First read this page from NOAA. It tells you the following:

  • The Niño 3.4 region is defined as the region between +/- 5 deg. lat, 170 W - 120 W lon.

  • Warm or cold phases of the Oceanic Niño Index are defined by a five consecutive 3-month running mean of sea surface temperature (SST) anomalies in the Niño 3.4 region that is above the threshold of +0.5°C (warm), or below the threshold of -0.5°C (cold). This is known as the Oceanic Niño Index (ONI).

Note: “anomaly” means that the seasonal cycle, also called the “climatology” has been removed.

Start by importing Numpy, Matplotlib, and Xarray.

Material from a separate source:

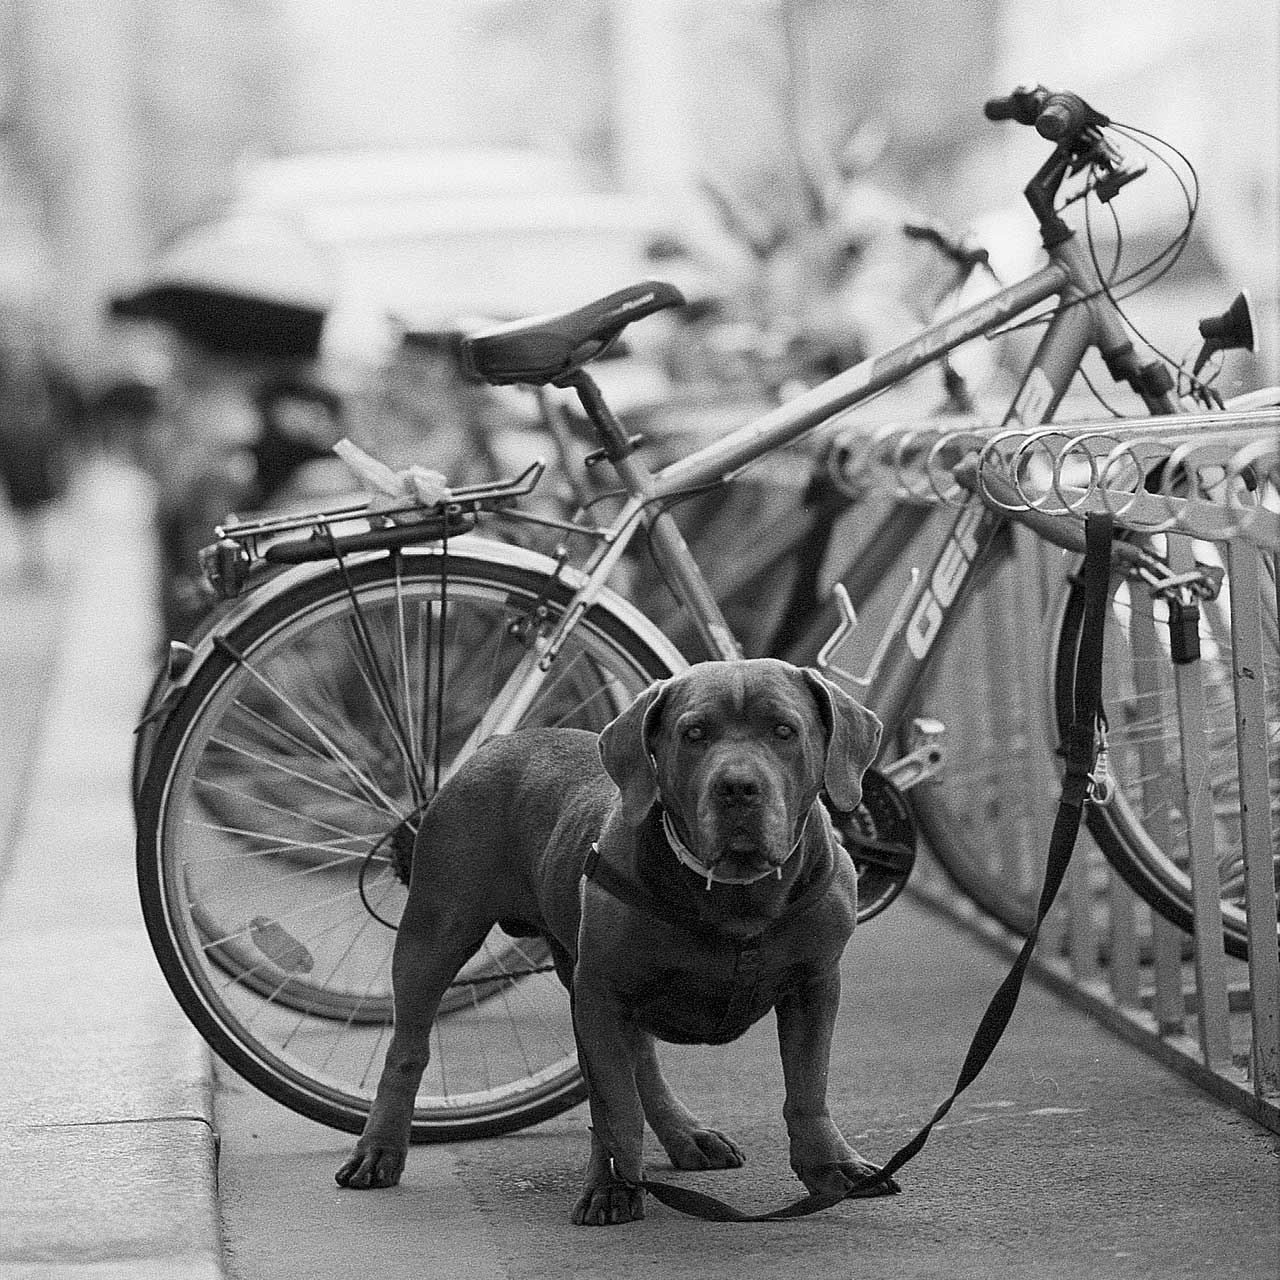 Fahrradpass schützt dein Bike aktive vor Fahrraddiebstahl

Set the default figure size to (12, 6).

import numpy as np
import xarray as xr
from matplotlib import pyplot as plt
plt.rcParams['figure.figsize'] = (12, 6)
%config InlineBackend.figure_format = 'retina'
%xmode Minimal

import warnings
warnings.filterwarnings('ignore')
Exception reporting mode: Minimal

enso

Reproducing the SST curve from the figure above#

We will use the sst.mnmean.nc file located at https://psl.noaa.gov/repository/entry/get/sst.mnmean.nc?entryid=synth%3Ae570c8f9-ec09-4e89-93b4-babd5651e7a9%3AL25vYWEuZXJzc3QudjUvc3N0Lm1ubWVhbi5uYw%3D%3D.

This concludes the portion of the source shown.